These lasted for 3years and 25000 miles approx.  They were replaced with another ebay deal of 2 unused older tyres that had been found stored collecting dust which again I bought for £100 and £20 fitting at my local tyre fitter.

*COSTS*
In 2011 I discovered was that MH tyres were priced between £100 - £125 new.  Options of Michelin XC, Aguila or Continental.

In 2015 prices had increased to be £120 - £145 new.

So what I have experienced is that I can do similar mileage on either Michelin or VANCO.  (30k miles)

New
Had I bought new lets say £120 for one tyre then the cost per mile would be 0.004p/mile, multiplied by 4 = 1.6p / mile (not inc spare)

2nd Hand
£70 per tyre so cost per mile = 0.00233p/mile which equates to 0.933p/mile for all 4 tyres.

*CONCLUSION*

B****r - lost text.  Now Xmas dinner to eat.

Both marques gave similar mileage of over 30k+ miles.
Tyre noise and personal confidence in road traction was indifferent for me.  For others road adhesion only a concern which is debateable.

I have no qualms about using older tyres, experience of Coach tyres and Motorcycles says MH tyres are designed to carry larger loads so you pay for the thicker sidewall and extra casing strands.

For me getting suitable deals for cheaper tyres has been taken at the time they appear not when they are needed so you weigh up the options and make the best of the situation.

Having experienced recently a puncture in brand new pirelli for SWMBO car after only 150 miles then Sods Law cannot be accounted for.  In this case £17 repairable screw hole was culprit. - phew.


----------



## trevskoda (Dec 25, 2016)

maingate said:


> Dunlop had a big factory not far from me and I worked in it on contract a number of times. They closed it a few years ago. I am certainly not anti Union but it was the arrogant Shop Stewards who closed it. I have never worked anywhere else as bad, they would go on strike or work to rule for the least bit thing.

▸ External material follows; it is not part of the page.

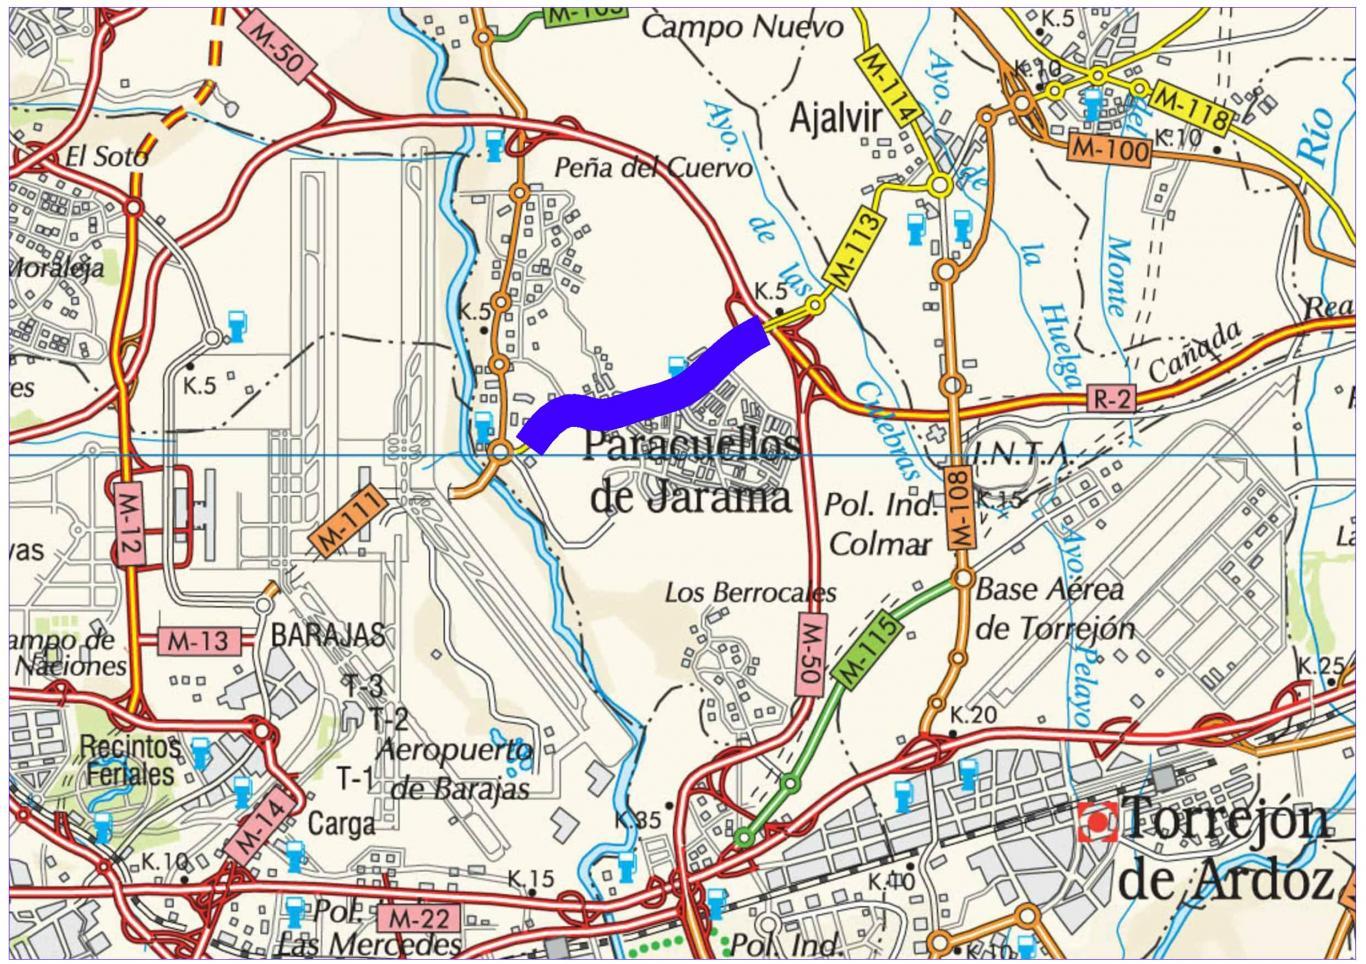 Mapa de situación de la obra M-113 pk 3,969-5,160

There closing the mitch here later this year and said there is a global down turn on tyre sales,what they mean is china poland and others can make them for less.


----------



## malagaoth (Dec 26, 2016)

Sorry Stanski but there is no way I would trust  part worn tyres you have absolutely no idea what has happened to them in the past many (most) come of insurance write offs so the tyres could have suffered a heavy impact and although they pass an external visual inspection you have no idea what is going on below the surface.
Maybe I part company with my tyres too redily but unless they are less than half worn if they puncture they are gone - it costs about £7 to get a punctures fixed (and rebalanced) I just buy a new tyre (£45) and once they get down to about 3mm tread they are done - time to get rid.  that couple of square inches of rubber is all that is keeping you in contact with the road and a blow out in a car with low profile tyres is scary enough in a M/h it must be terrifying


----------



## Stanski (Dec 29, 2016)

*Tyre life*



malagaoth said:


> Sorry Stanski but there is no way I would trust  part worn tyres you have absolutely no idea what has happened to them in the past many (most) come of insurance write offs so the tyres could have suffered a heavy impact and although they pass an external visual inspection you have no idea what is going on below the surface....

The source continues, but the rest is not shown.